| Material for this exercise |

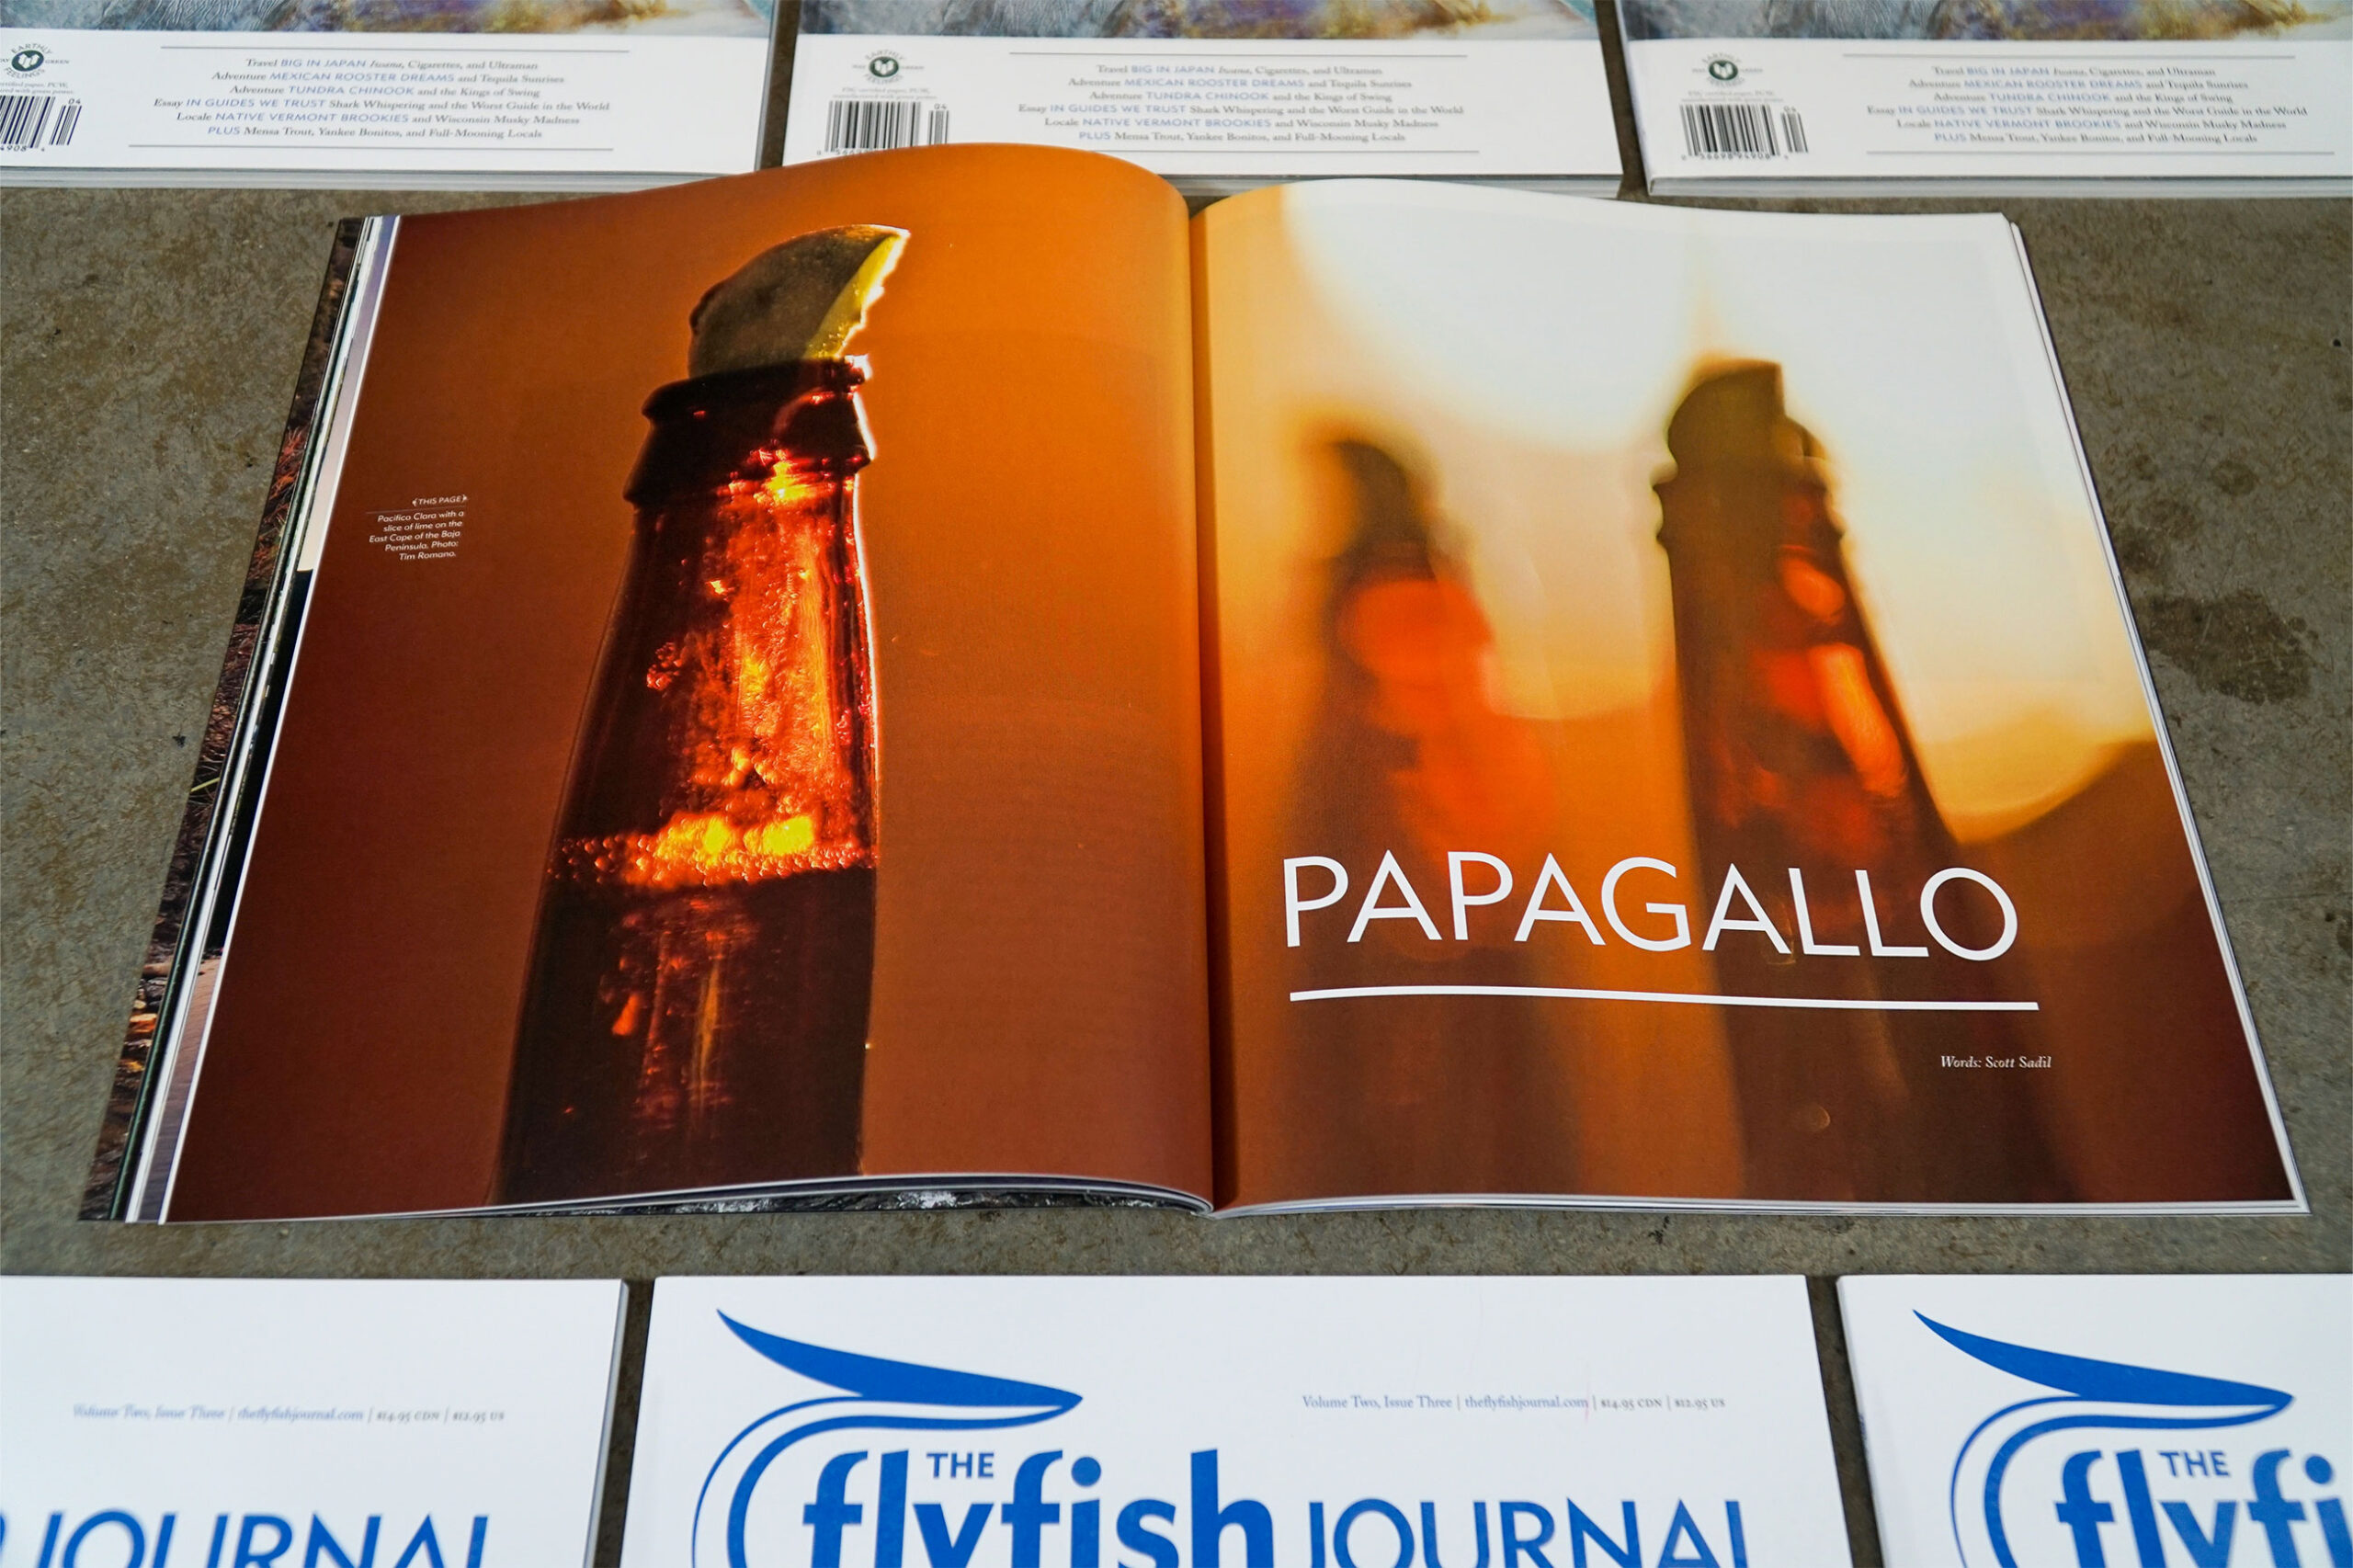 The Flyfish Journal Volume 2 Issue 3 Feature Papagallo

...

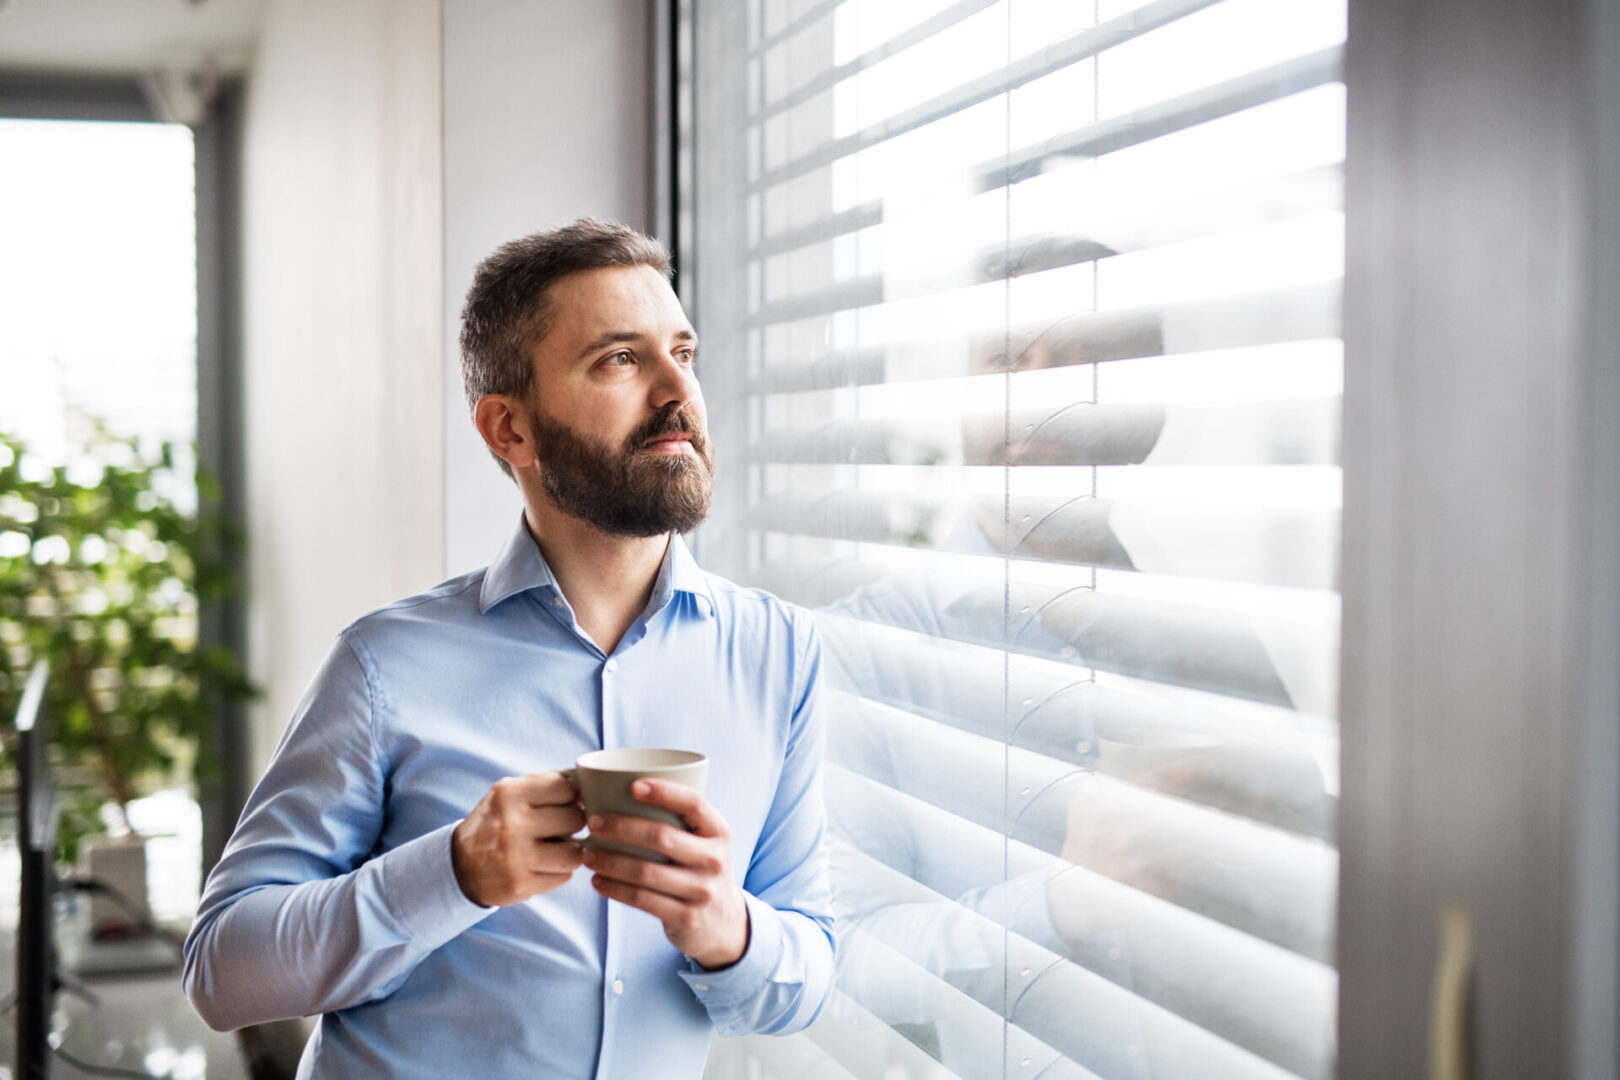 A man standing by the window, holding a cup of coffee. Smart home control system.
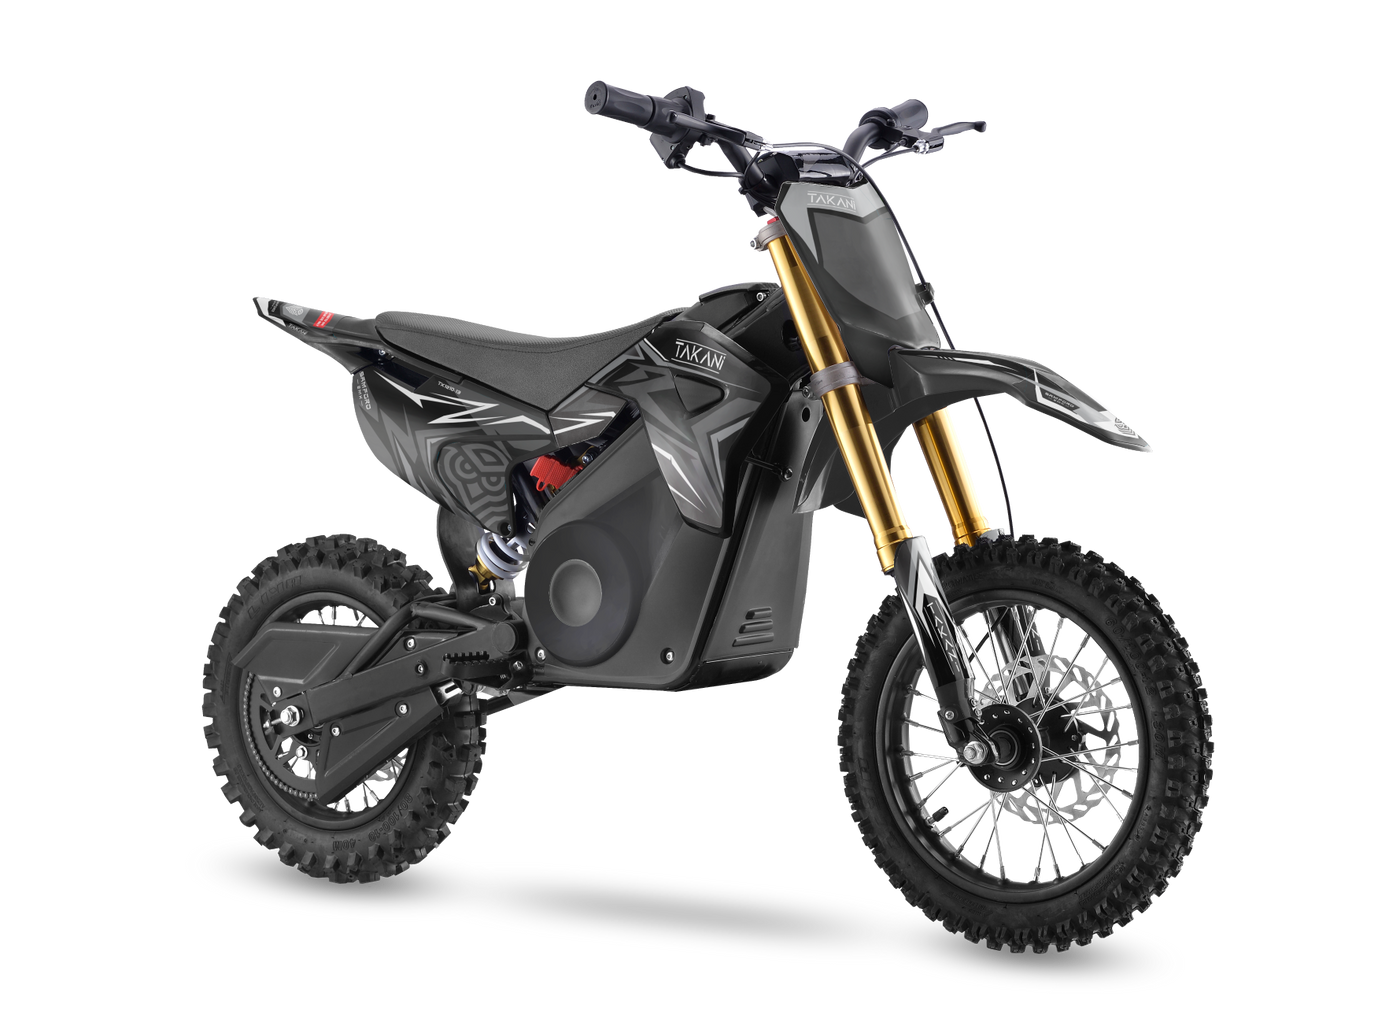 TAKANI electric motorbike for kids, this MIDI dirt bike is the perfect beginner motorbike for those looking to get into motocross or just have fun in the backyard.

| Brief |
Starting from the line with "A man standing" in the records above, repeat each line exactly until you have written the line with "TAKANI electric motorbike", then stop; drop the pictures.

| The answer |
 A man standing by the window, holding a cup of coffee. Smart home control system.
 TAKANI electric motorbike for kids, this MIDI dirt bike is the perfect beginner motorbike for those looking to get into motocross or just have fun in the backyard.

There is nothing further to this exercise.